With the prevalence of digital imaging devices such as digital cameras and mobile phones, a huge volume of images are produced every day, as a result of which image classification becomes increasingly important. Traditional image classification approaches classify an image to only one class, which may be impractical since in real applications an image could be associated with multiple labels. Furthermore, those traditional approaches usually treat an image as an instance and represent the image using global features only.
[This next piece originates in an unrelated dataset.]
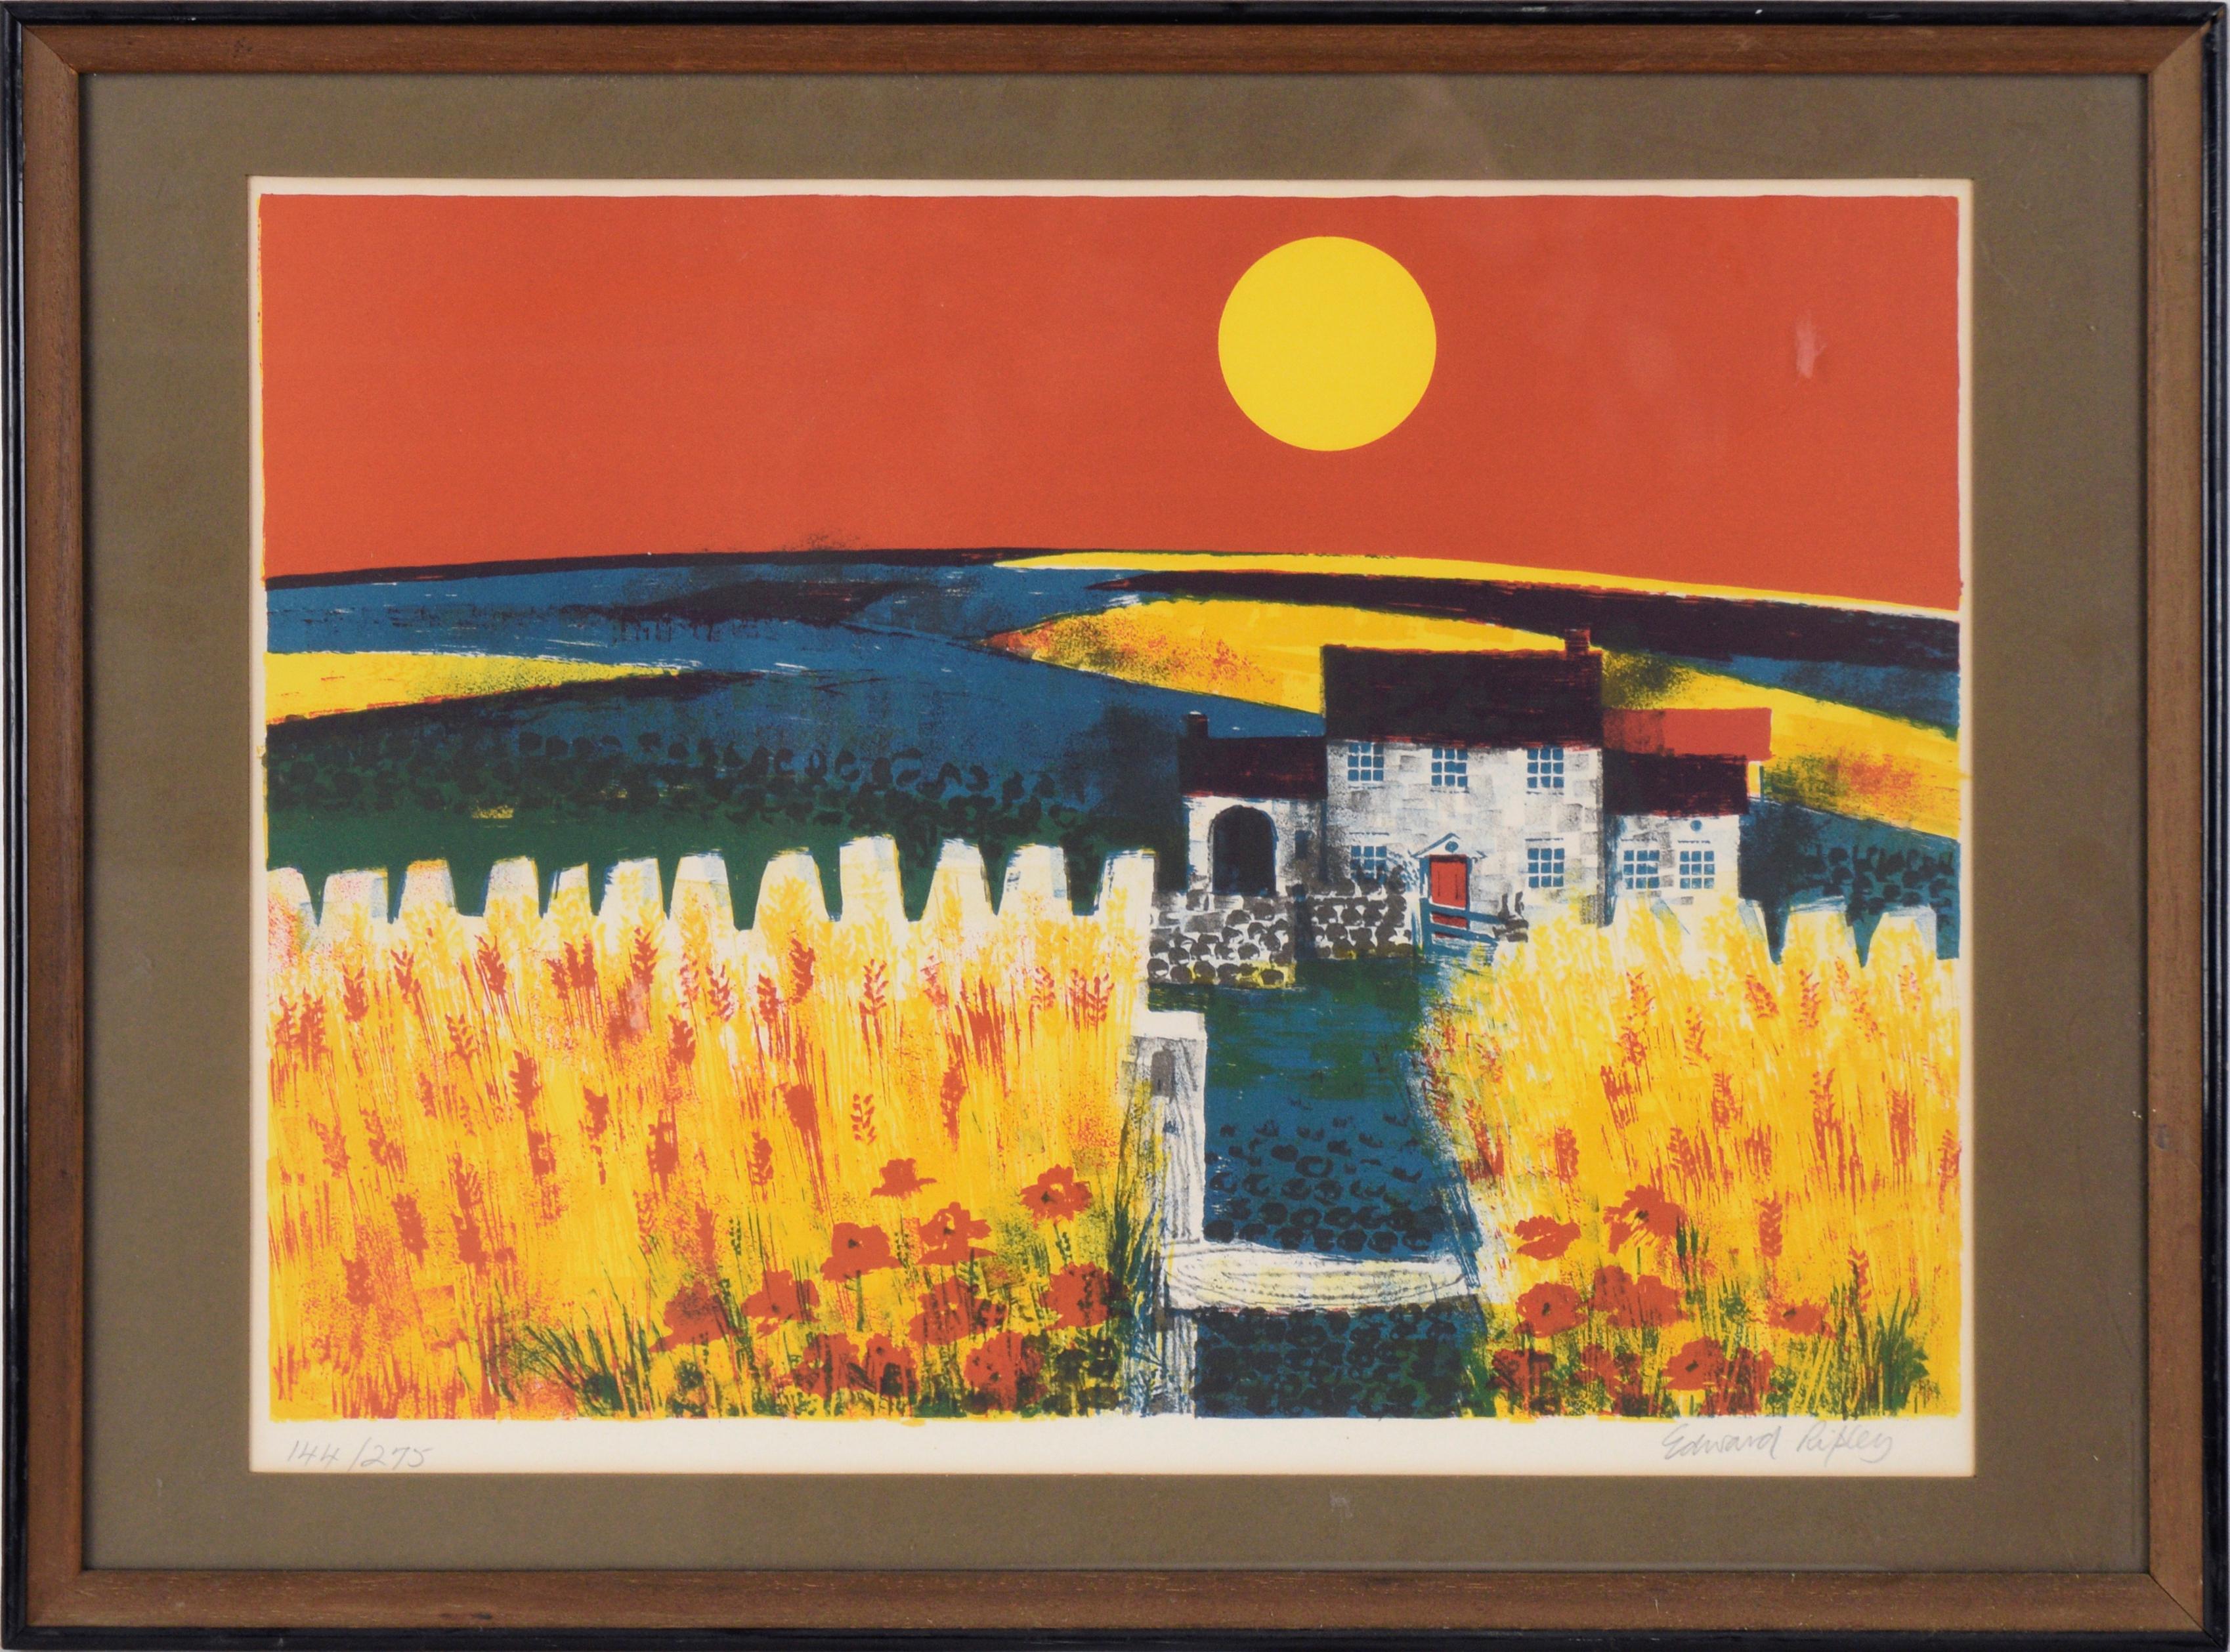 Edward Ripley Landscape Print - Farmhouse and the Wheat Field at Sunset - Landscape Lithograph in Ink on Paper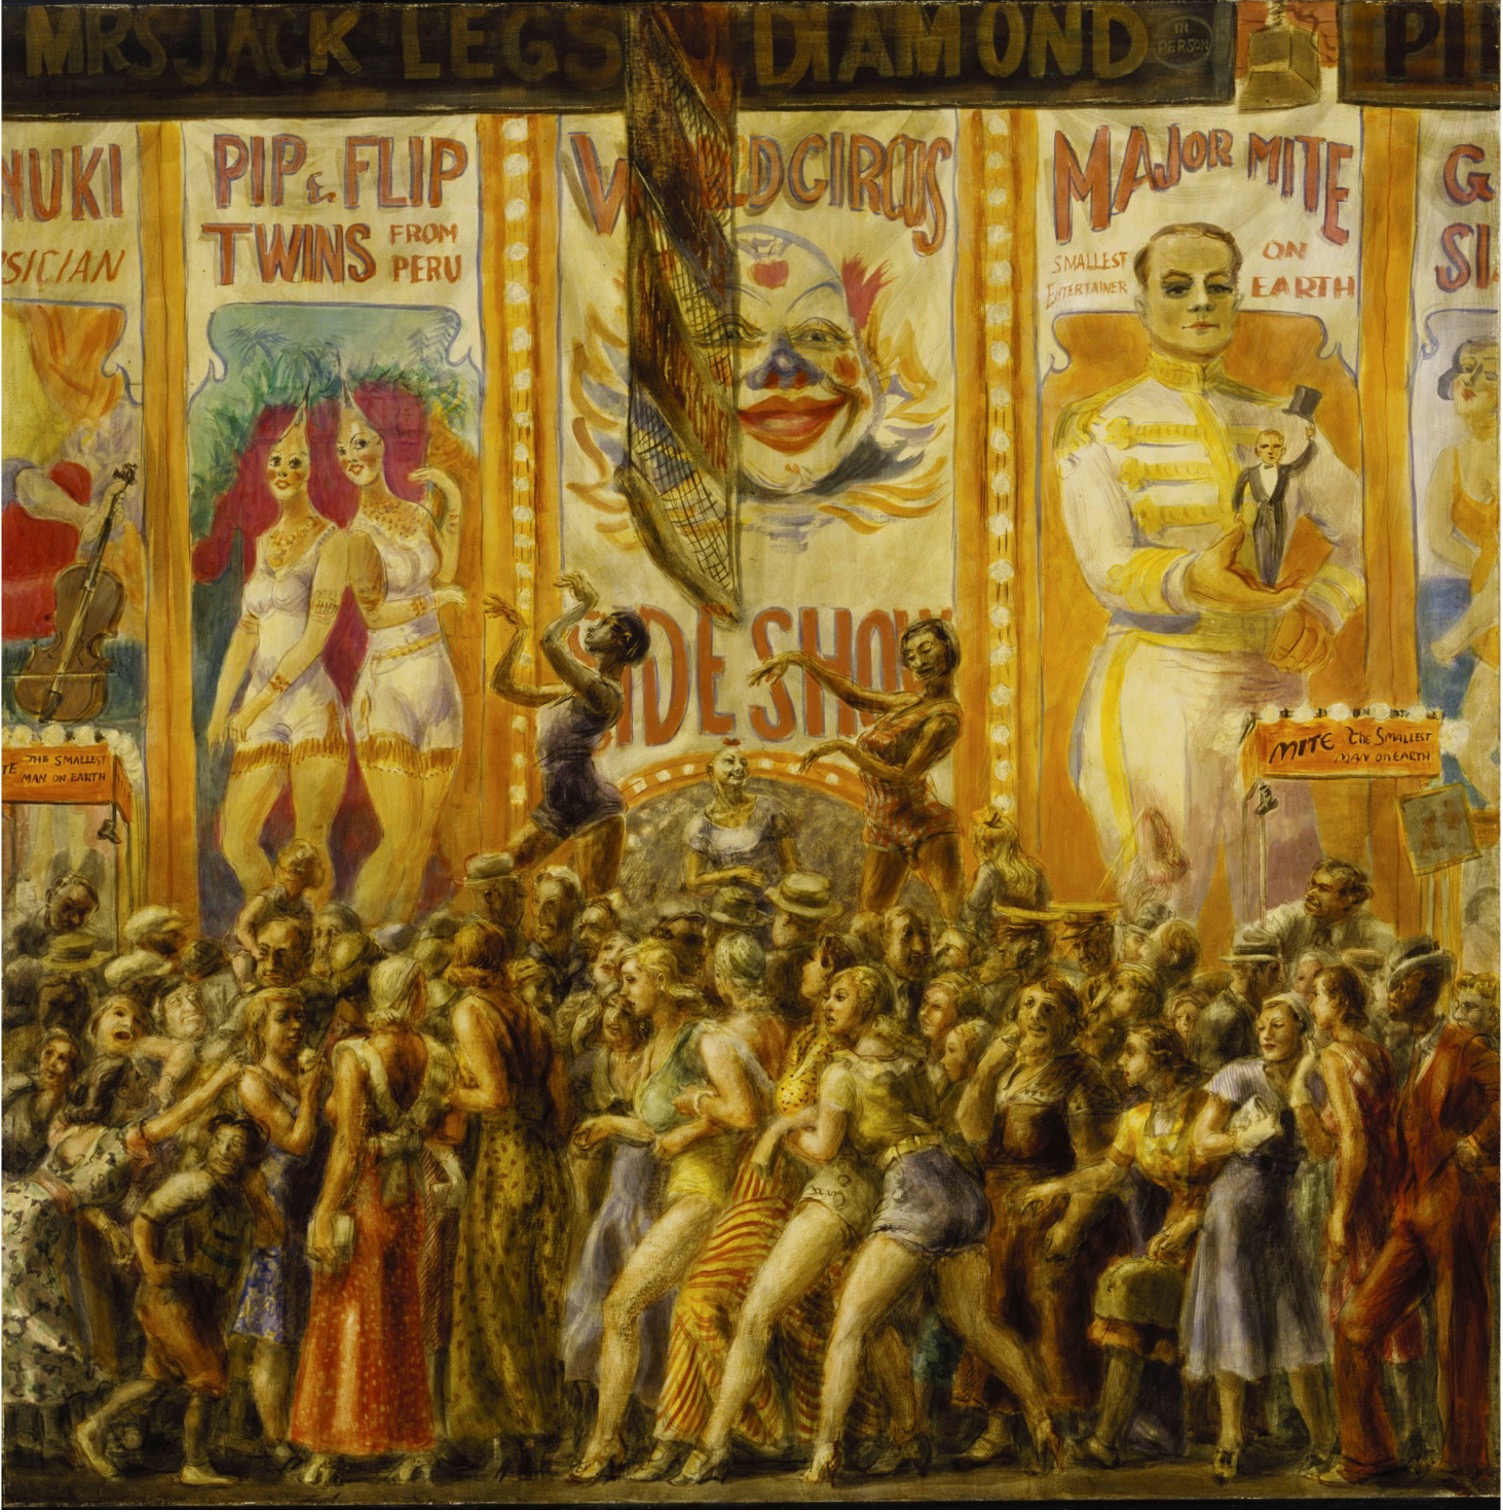 A Painting of crowds walk by Coney Island posters advertising the performers Pip & Flip

The issue is that global features cannot well characterize the image contents, in particular when the images are composed of complex objects [1], [2]. In view of this, many multi-instance learning (MIL) [3], [4], [5] and multi-label learning (MLL) [6], [7], [8] algorithms are proposed to tackle image classification tasks.

In MIL, an image is a bag of instances, with each instance representing an image region. As informative regional features are utilized, this approach characterizes images with complex contents quite well. However, MIL targets at binary classification. It assigns an image with one label only. By contrast, MLL deals with multi-label tasks, and it is able to associate an image with multiple labels. But MLL regards an image as a single instance. The regional features are not employed. The issue is that the labels of an image usually relate to different regions. The use of global features is not powerful to discriminate the image labels. Therefore, some researchers have developed multi-instance multi-label learning (MIMLL) based on MIL and/or MLL for multi-label image classification [9], [10], [11].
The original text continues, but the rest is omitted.